====== Working data ======

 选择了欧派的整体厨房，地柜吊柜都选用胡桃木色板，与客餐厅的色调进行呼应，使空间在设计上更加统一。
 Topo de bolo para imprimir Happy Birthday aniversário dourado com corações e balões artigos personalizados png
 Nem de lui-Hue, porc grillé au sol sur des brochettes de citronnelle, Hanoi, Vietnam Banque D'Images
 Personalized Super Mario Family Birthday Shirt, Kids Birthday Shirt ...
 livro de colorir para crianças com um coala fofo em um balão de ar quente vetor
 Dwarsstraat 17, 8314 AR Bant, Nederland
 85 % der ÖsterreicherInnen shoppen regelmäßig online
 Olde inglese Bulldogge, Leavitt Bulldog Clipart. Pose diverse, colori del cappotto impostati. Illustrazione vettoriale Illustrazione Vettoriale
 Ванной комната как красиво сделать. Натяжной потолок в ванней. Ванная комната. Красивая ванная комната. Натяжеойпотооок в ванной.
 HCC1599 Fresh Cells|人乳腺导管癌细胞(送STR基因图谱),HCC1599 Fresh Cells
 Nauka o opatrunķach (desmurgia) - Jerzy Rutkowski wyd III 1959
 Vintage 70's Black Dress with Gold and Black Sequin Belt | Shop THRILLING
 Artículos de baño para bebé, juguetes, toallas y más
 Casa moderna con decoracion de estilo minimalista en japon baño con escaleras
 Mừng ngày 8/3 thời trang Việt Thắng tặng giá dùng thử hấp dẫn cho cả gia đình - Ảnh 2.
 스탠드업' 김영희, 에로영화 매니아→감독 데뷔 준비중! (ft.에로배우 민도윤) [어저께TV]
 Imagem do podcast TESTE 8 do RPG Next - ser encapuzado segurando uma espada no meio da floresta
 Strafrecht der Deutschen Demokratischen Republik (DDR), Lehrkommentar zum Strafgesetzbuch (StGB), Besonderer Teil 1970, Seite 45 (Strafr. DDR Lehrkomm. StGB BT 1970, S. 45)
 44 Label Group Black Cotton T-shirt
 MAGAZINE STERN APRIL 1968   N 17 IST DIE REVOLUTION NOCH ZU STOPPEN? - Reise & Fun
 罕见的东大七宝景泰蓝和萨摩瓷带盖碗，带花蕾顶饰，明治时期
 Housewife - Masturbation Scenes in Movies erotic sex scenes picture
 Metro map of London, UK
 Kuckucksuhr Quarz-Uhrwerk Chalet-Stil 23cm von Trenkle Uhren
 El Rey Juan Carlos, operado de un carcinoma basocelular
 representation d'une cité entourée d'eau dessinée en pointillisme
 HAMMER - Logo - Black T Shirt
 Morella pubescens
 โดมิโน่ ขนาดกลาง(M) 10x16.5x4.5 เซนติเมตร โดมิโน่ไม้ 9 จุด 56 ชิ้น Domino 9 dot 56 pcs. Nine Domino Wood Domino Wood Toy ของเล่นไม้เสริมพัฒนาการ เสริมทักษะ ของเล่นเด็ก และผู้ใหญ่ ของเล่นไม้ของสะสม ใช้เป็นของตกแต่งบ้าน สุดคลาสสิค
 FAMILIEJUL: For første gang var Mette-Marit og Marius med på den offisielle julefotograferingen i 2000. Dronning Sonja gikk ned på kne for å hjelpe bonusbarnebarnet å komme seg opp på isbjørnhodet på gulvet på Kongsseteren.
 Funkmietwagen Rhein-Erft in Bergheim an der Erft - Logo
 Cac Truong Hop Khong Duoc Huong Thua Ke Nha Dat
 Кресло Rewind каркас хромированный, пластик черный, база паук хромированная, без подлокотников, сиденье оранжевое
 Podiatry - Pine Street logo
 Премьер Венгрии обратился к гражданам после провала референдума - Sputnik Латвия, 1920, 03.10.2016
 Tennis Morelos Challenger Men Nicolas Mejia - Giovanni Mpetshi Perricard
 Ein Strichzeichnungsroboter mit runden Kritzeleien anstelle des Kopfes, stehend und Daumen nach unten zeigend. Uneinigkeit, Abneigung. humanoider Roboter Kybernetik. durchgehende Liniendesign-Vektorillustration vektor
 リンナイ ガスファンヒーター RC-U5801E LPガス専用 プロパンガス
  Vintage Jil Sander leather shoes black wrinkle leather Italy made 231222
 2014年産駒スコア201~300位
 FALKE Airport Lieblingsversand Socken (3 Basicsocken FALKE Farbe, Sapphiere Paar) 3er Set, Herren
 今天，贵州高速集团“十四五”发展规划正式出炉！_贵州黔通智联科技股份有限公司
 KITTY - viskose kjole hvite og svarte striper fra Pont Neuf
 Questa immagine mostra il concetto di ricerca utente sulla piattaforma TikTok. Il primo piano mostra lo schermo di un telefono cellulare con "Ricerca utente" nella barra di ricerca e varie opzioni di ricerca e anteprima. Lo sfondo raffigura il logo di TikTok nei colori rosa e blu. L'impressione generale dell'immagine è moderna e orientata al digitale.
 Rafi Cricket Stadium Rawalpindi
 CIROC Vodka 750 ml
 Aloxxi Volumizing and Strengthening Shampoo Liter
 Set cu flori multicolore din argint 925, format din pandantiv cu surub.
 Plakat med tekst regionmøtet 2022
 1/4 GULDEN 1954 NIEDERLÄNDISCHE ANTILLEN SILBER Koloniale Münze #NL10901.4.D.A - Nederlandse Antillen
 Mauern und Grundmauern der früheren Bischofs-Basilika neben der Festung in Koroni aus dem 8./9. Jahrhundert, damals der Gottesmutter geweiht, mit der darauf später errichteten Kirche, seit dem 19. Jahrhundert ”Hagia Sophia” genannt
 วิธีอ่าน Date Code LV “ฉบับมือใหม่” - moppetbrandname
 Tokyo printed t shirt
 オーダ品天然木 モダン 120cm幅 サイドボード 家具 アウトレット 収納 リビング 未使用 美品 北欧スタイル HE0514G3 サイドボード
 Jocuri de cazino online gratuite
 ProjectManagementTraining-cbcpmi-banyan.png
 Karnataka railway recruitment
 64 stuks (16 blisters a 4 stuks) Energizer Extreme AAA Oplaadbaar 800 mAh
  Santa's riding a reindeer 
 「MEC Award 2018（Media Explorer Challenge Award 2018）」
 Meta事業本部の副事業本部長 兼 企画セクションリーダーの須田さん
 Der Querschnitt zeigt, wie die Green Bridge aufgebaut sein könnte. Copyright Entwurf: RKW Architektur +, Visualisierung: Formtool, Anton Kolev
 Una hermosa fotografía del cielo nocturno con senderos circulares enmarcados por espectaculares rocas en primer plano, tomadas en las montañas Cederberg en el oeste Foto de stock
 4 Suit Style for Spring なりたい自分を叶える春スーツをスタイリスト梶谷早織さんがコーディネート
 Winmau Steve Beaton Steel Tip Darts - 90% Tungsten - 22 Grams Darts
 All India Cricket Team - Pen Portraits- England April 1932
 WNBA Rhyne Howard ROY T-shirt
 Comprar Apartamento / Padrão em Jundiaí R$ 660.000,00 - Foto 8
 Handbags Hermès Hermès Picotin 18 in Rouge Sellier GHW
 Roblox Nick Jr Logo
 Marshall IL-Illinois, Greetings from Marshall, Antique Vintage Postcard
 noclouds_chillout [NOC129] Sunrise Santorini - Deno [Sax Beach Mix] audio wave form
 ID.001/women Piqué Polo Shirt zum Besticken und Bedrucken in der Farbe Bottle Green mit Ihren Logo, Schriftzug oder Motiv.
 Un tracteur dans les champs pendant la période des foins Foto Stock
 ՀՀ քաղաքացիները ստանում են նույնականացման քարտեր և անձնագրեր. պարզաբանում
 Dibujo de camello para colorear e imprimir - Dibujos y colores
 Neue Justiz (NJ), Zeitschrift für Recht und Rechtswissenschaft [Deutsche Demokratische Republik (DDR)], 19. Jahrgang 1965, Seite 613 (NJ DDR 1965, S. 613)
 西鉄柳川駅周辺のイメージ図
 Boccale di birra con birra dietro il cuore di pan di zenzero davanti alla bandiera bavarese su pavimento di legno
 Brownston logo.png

======

**Work task**:
From the line that has "Imagem do podcast" through the line that has "Kuckucksuhr Quarz-Uhrwerk Chalet-Stil", copy every line exactly as it appears above, and leave out all others.

**Response box**:
 Imagem do podcast TESTE 8 do RPG Next - ser encapuzado segurando uma espada no meio da floresta
 Strafrecht der Deutschen Demokratischen Republik (DDR), Lehrkommentar zum Strafgesetzbuch (StGB), Besonderer Teil 1970, Seite 45 (Strafr. DDR Lehrkomm. StGB BT 1970, S. 45)
 44 Label Group Black Cotton T-shirt
 MAGAZINE STERN APRIL 1968   N 17 IST DIE REVOLUTION NOCH ZU STOPPEN? - Reise & Fun
 罕见的东大七宝景泰蓝和萨摩瓷带盖碗，带花蕾顶饰，明治时期
 Housewife - Masturbation Scenes in Movies erotic sex scenes picture
 Metro map of London, UK
 Kuckucksuhr Quarz-Uhrwerk Chalet-Stil 23cm von Trenkle Uhren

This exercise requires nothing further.